Downloading Data from PEGR
There are many ways to get your genomic data from PEGR.
Download through the browser
Note to Olivia: Add screenshots for downloading files from PEGR here
Bulk sample download
1. Clone CEGRcode/EGC_utility_scripts
Get the Github scripts for downloading data files from PEGR/Galaxy. We recommend using Github Desktop for this.
2. Install Dependencies
Check the README.md for the conda-style installation.
3. Get your credentials
You can get your PEGR_API_KEY
by logging into www.pegr.org and going to your Account Profile page (linked in top right of screen).

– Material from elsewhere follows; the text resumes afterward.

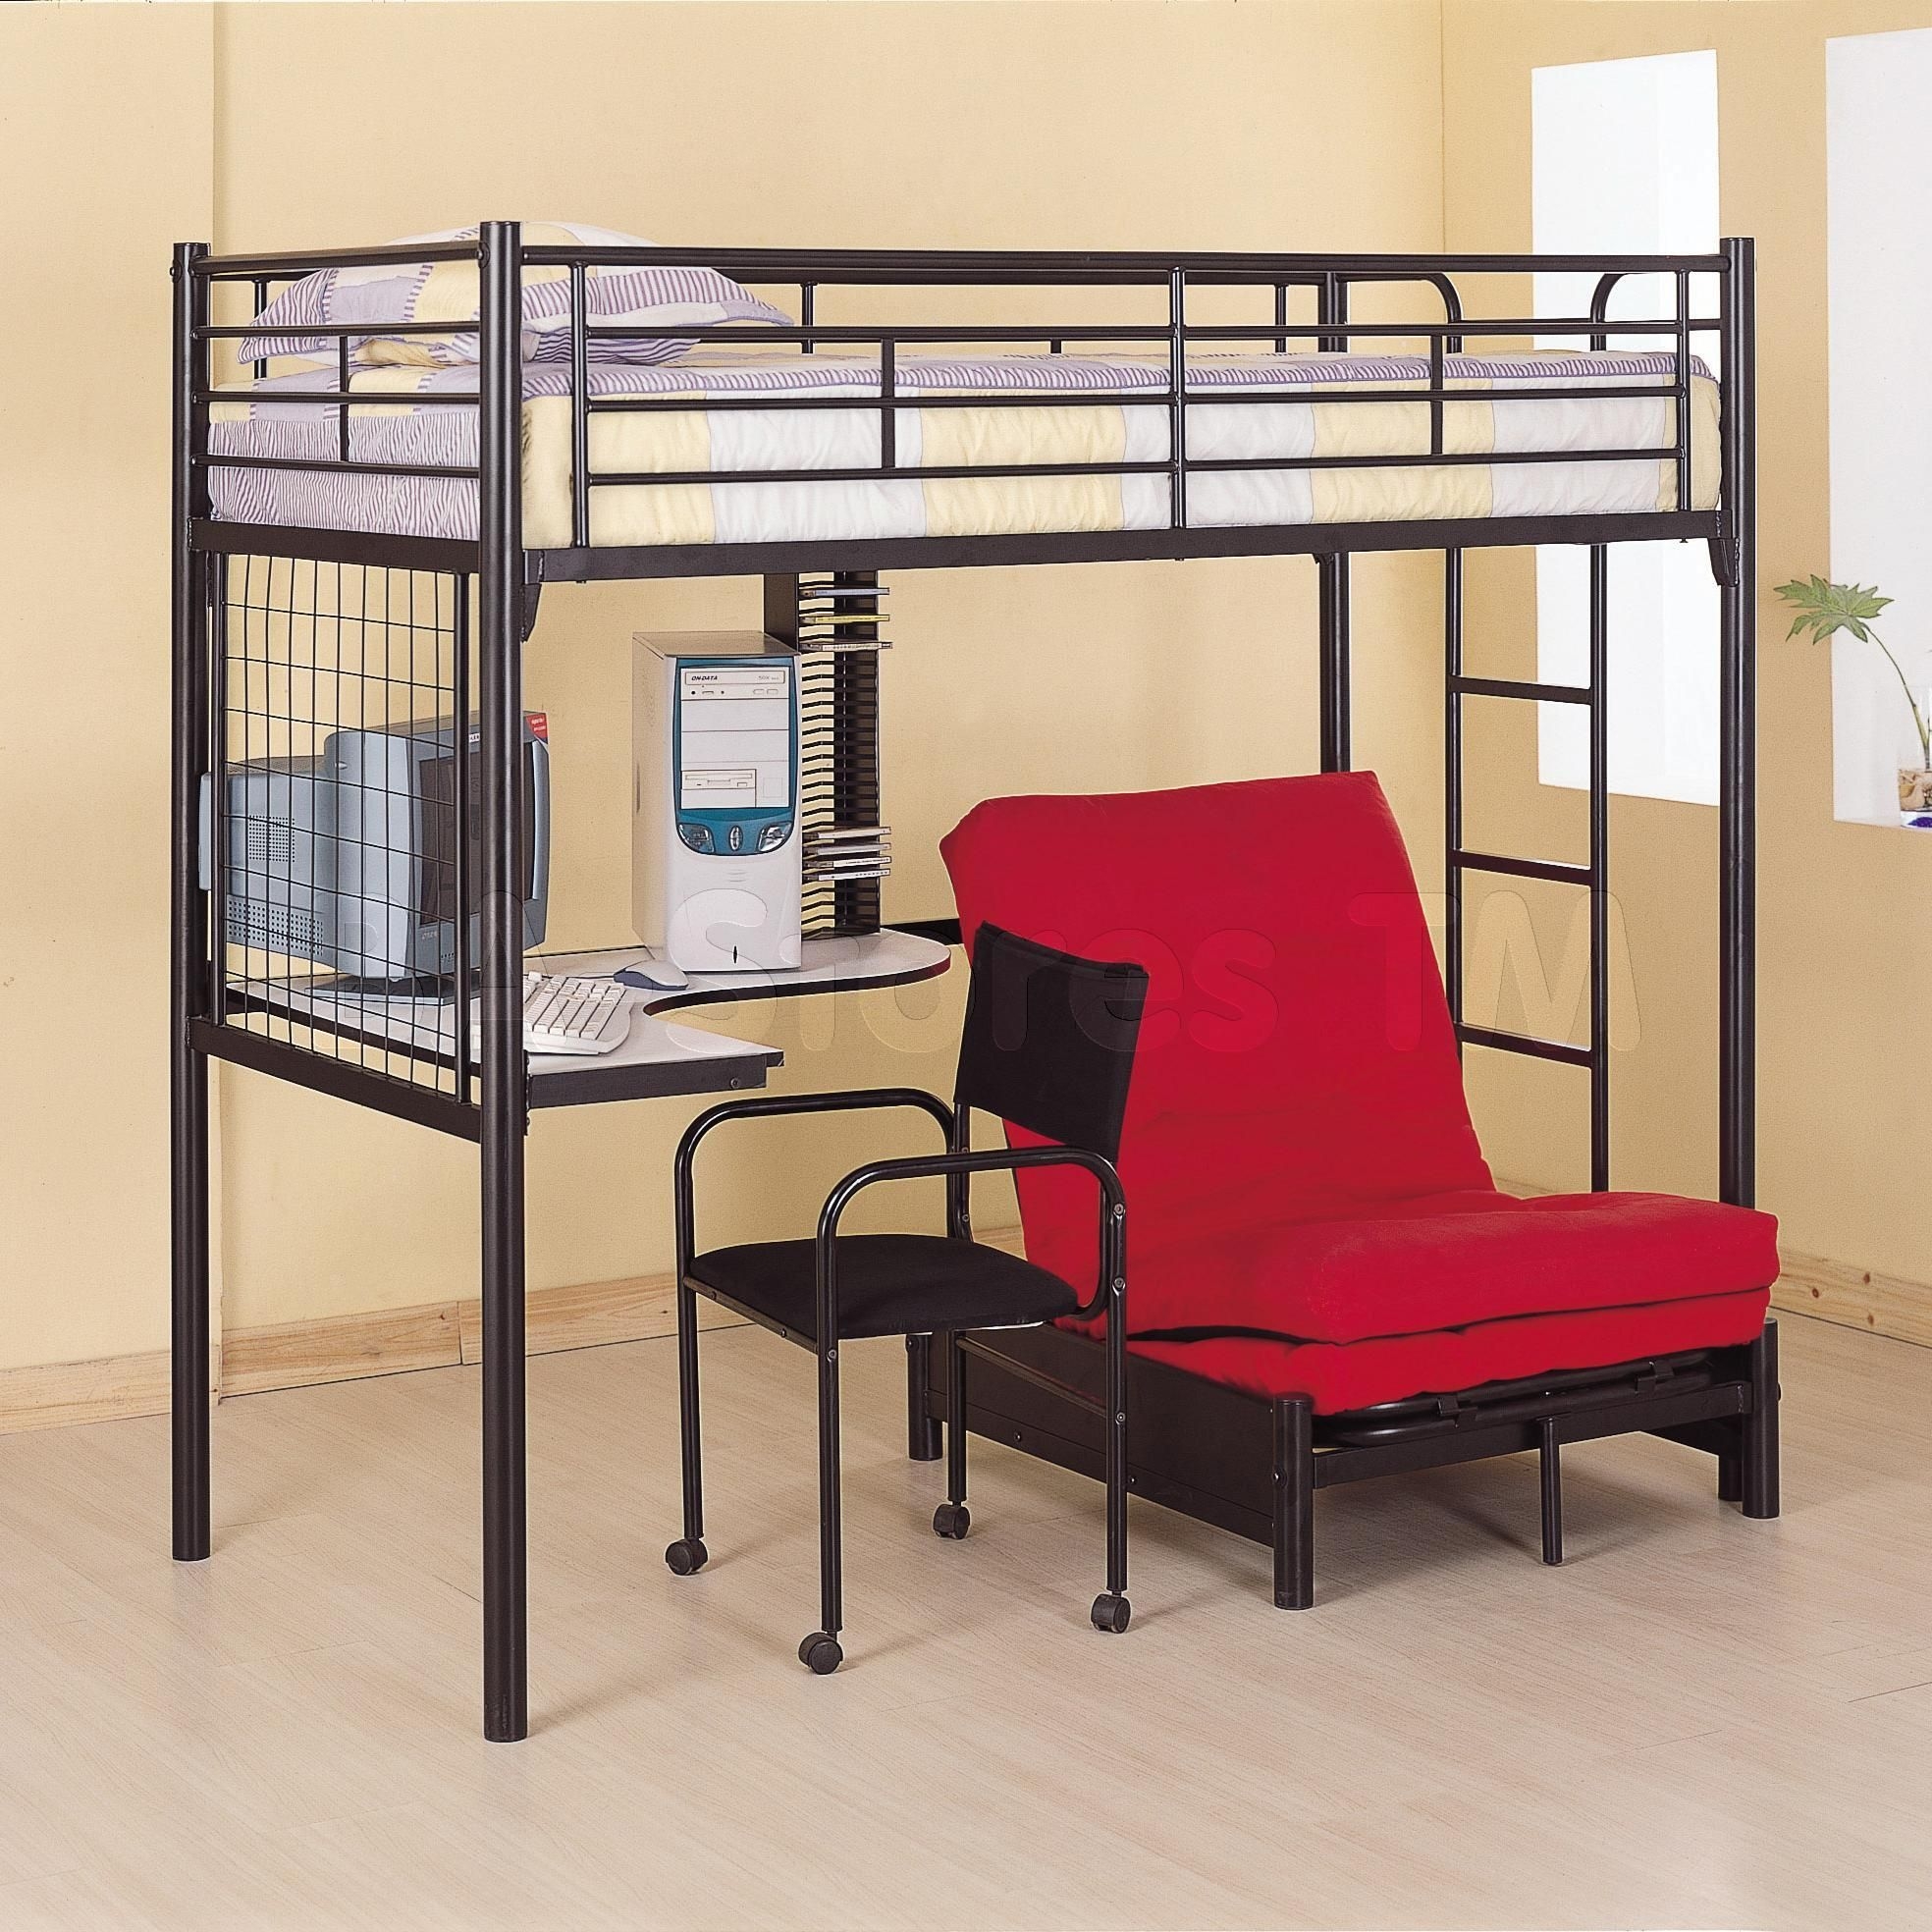 Bunk Bed With Desk And Futon Ideas On Foter

Make sure you also know what email PEGR uses for your account (if you login with your Cornell NetID, then your PEGR_EMAIL
is <mynetid>@cornell.edu
)
You can even add these to your ~/.bashrc
/~/.bash_profile
/~/.zshrc
file for convenience.
export PEGR_API_KEY=ABCDEFGHIJKLMNO12345789 # paste PEGR API Key here
export USER_EMAIL=mypsuusername@psu.edu # paste email here
4. Get the list of samples you want to download
For example, you may have a file called mysamples.txt
that contains the sample ids like this:
12141
21173
As long as the PEGR sample ids are in the first tab-delimited column, you can give these scripts any kind of flat text file:
12141 OtherMetadata1
21173 Whatever you want: and however you want
5. Execute any of the scripts from the EGC_utility_scripts
directory
If you're not sure how to execute them, you can have them print usage statements using the help flag (-h
):
python generate_FQ_file_from_PEGR.py -h
...or check the README.md for the full list of usage statements.
Make sure you are in the EGC_utility_scripts
directory.
If you are downloading human or other data with a several genome build options in PEGR, it is critical that you include the genome build information (-b
) (does not apply to downloading FASTQ files which is genome build-independent).